The data for mOSCAR is sourced from Common Crawl, processed through a rigorous pipeline involving multiple steps:

  1. Text and Image Extraction: Initial pruning removes ambiguities by filtering irrelevant and low-quality content.
  2. Language Identification: Implementing open-LID ensures the accurate classification of each document into one of 201 languages supported.
  3. Text and Image Filtering: Heuristics-based and model-based filtering ensure high-quality content. Key steps include eliminating NSFW content using models like nsfw-detector and NudeNet.
  4. Deduplication: Techniques like MinHashLSH are employed to maintain the uniqueness within and across documents.
  5. Combining Modalities: Joint text-image filtering is applied to ensure coherence between text and image data within documents.

Through these extensive stages, mOSCAR achieves a balance between data quality and diversity, making it a valuable resource for multilingual research.

Dataset Evaluation

Quality and Diversity Metrics:

  • Text Content: Evaluated via perplexity (using Gemma-2B) to assess quality and Vendi score (SimCSE embeddings) for diversity.
  • Image Content: Assessing image diversity using the Vendi Score, compared against datasets like LAION-400M demonstrated mOSCAR's superior text-image diversity.

Experimental Evaluation

To validate the utility of mOSCAR, the authors trained a multilingual OpenFlamingo model on a subset of mOSCAR combined with captioning data from LAION-400M. The model was evaluated on diverse benchmarks encompassing visual question answering (xGQA, MaXM), captioning (xFlickrCO, XM3600), reasoning (XVNLI, MaRVL), and cross-modal machine translation (Multi30K, CoMMuTE).

Results:

  • The mOSCAR-enhanced model outperformed those trained on captioning data alone, particularly in few-shot learning scenarios.
  • Significant boosts in multilingual few-shot performance were observed across tasks, highlighting the importance of document-level interleaved training data.
  • Evaluation on translate-test benchmarks underscored the advantage of mOSCAR in translating textual content and performing zero-shot disambiguation.

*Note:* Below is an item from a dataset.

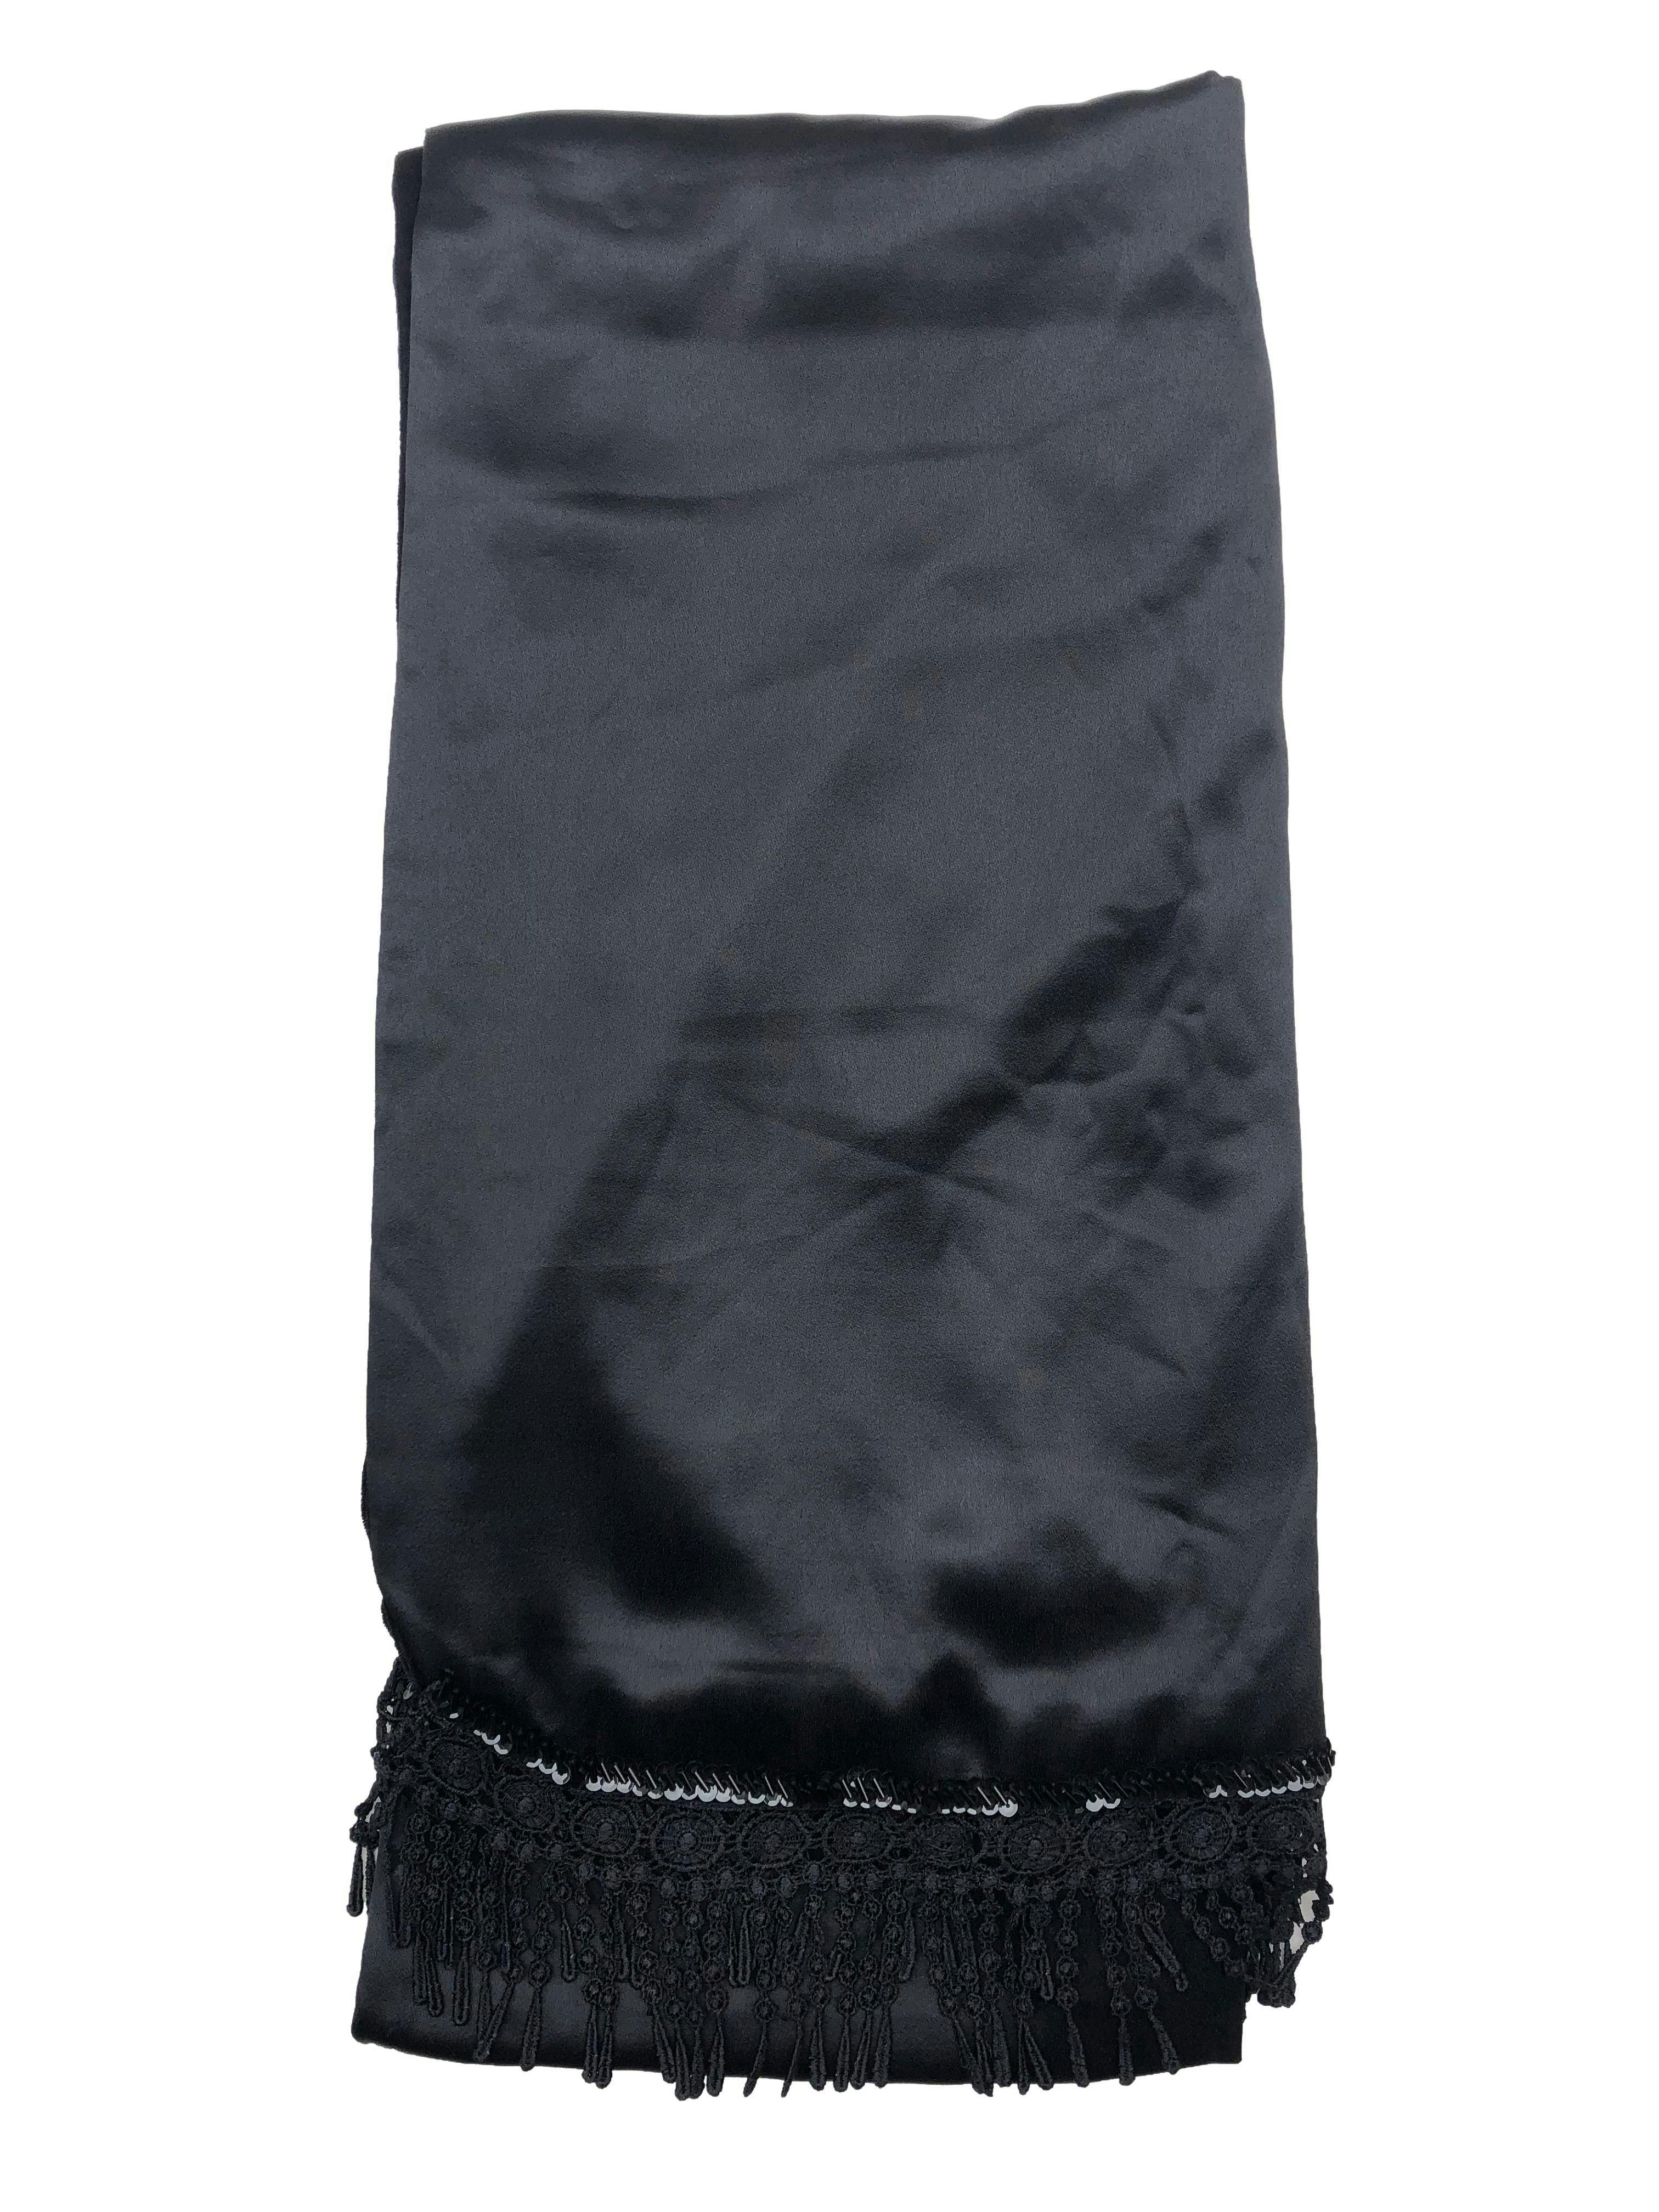 Chal negro reversible, una cara de terciopelo y la otra de satén, con mostacillas y encaje en bordes. Medidas 55x 115cm.

Implications and Future Directions

Theoretical Implications:

  • The inclusion of a wide range of languages ensures that models are more robust and capable of covering underrepresented populations.
  • Document-level interleaved data offers a stronger basis for in-context learning, as demonstrated by superior performance metrics.

Practical Implications:

  • mOSCAR sets a new standard for dataset creation, emphasizing both multilingual and multimodal data.
  • This dataset opens new avenues for enhancing the linguistic inclusivity of AI models, crucial for applications in global contexts.

Future Developments:

  • Moving forward, a critical area for expansion is the inclusion of more low-resource languages by further optimized web-crawling and data filtering techniques.
  • Long-term research should also focus on diminishing the inherent biases and toxicity that may arise from web-crawled content, ensuring safer and more equitable AI development.

Conclusion

In summary, mOSCAR represents a pivotal advancement in the realm of multilingual and multimodal datasets. By offering a comprehensive corpus that spans 163 languages and multiple modalities, it addresses significant gaps in the current landscape of mLLM research. The dataset not only enhances few-shot learning performance but also fosters broader inclusivity, making it an invaluable resource for the future of AI development.